张紫衣却忍不住道:“谁说不是,这王道灵表面上道貌岸然,实际上一肚子男盗女娼,我们才不愿意和他为伍。”
白柒柒走上前来,说道:“小马哥,天亮后柏大哥正好要离开,我们一起去登仙塔送送,正好昆仑宫就在边上,也顺便看看情况再说。”
马克点点头。
“啊?大叔你要走?去哪里?带上我吗?”张紫衣不开心了。
......柏鉴很无语。
“听小音说,王道灵似乎有点烦躁不安,应该是神魂受损,看来必定是柒柒在云梦西山图中的作用,这老家伙中了招了。”马克微笑道。

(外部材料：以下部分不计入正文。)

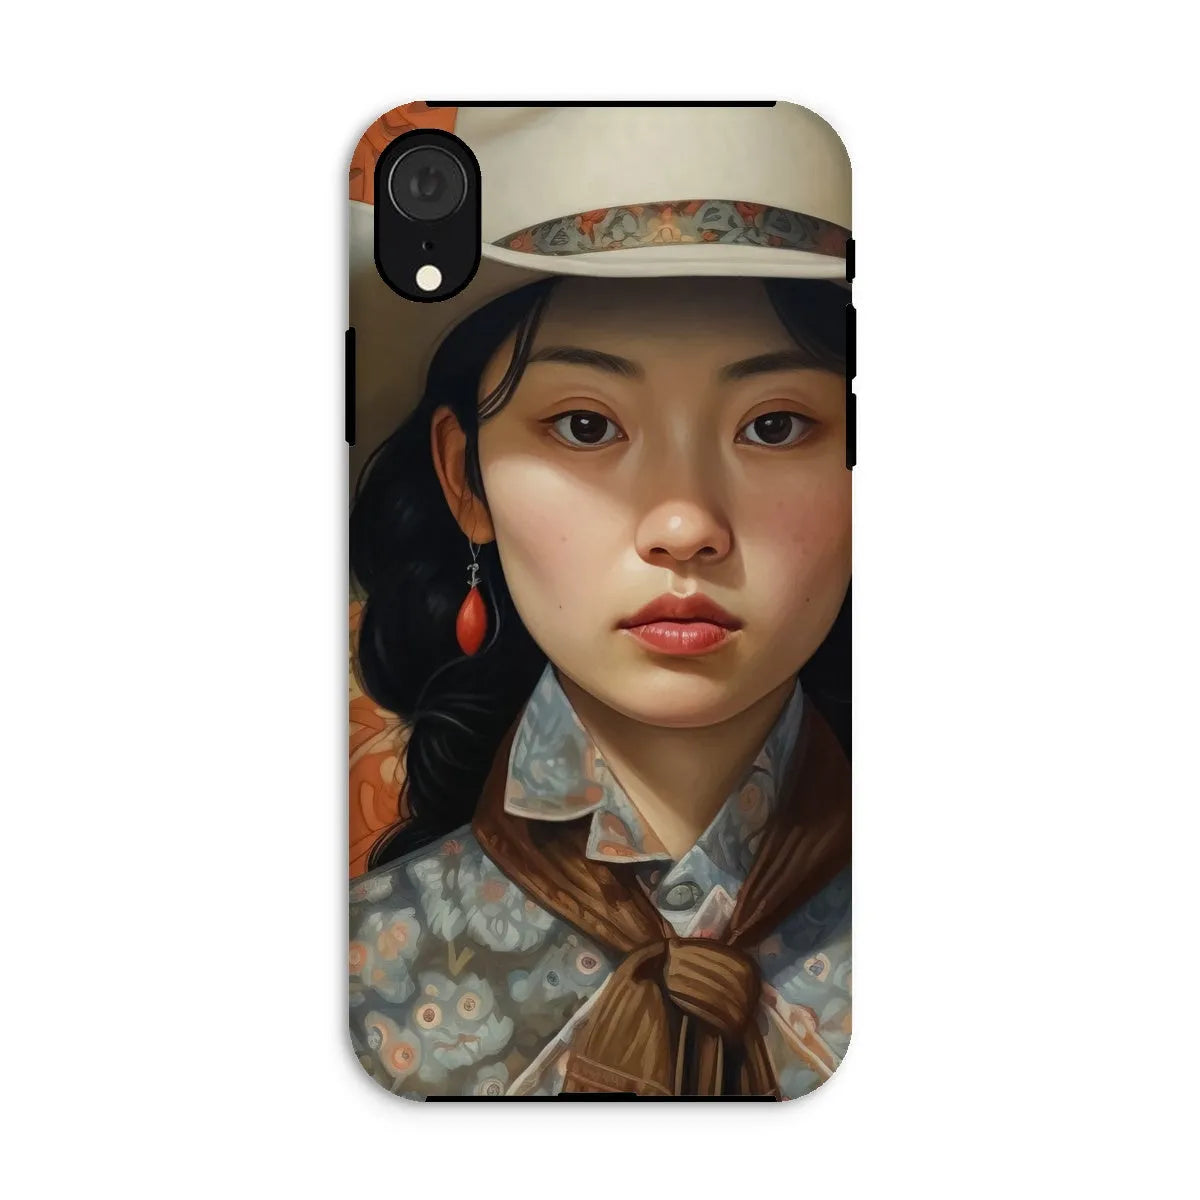 Zhi The Lesbian Cowgirl - Sapphic Art Phone Case - Iphone Xr / Matte - Mobile Phone Cases - Aesthetic Art

“嗯,此人眼下应该是实力打了折扣,你们不妨见机行事,如果有机会,就把此人除了也罢。”柏鉴说道。
“好,分内之事。不瞒两位掌门,此次前来,因为师命吩咐,寒狱门作恶多端,本是要除去的。眼下却发现背后更有黑手,而且和昆仑宫关系颇深,真的动了他们,师父们也不会说什么。”
“眼下裴寒峰已除,寒狱门等于是昆仑宫的一部分了,所以真的动他们也是正常。”马克正色道。
“以前和寒狱门联手,绑架了不少昆仑宫的门人,却是被裴寒峰利用了。他当时跟我说,是为了玉山盟的前途,削弱昆仑宫的势力,到时候向昆仑宫发难也多点把握,却不曾想是被他利用了。”沈雪君有点惭愧。
“这件事当中关窍太多,不能全部怪你。昆仑宫也不是什么好人,裴寒峰和王道灵狗咬狗罢了,绑了也就绑了。”
“其实背后之人还是那个平德山,他们的目的其实就是想利用摄魂草把控整个雾隐谷。小音刚才看见王道灵在弹琴,那架琴应该就是镇魂琴,此物原是平德山所有,现在却在王道灵手里,就说明问题了。”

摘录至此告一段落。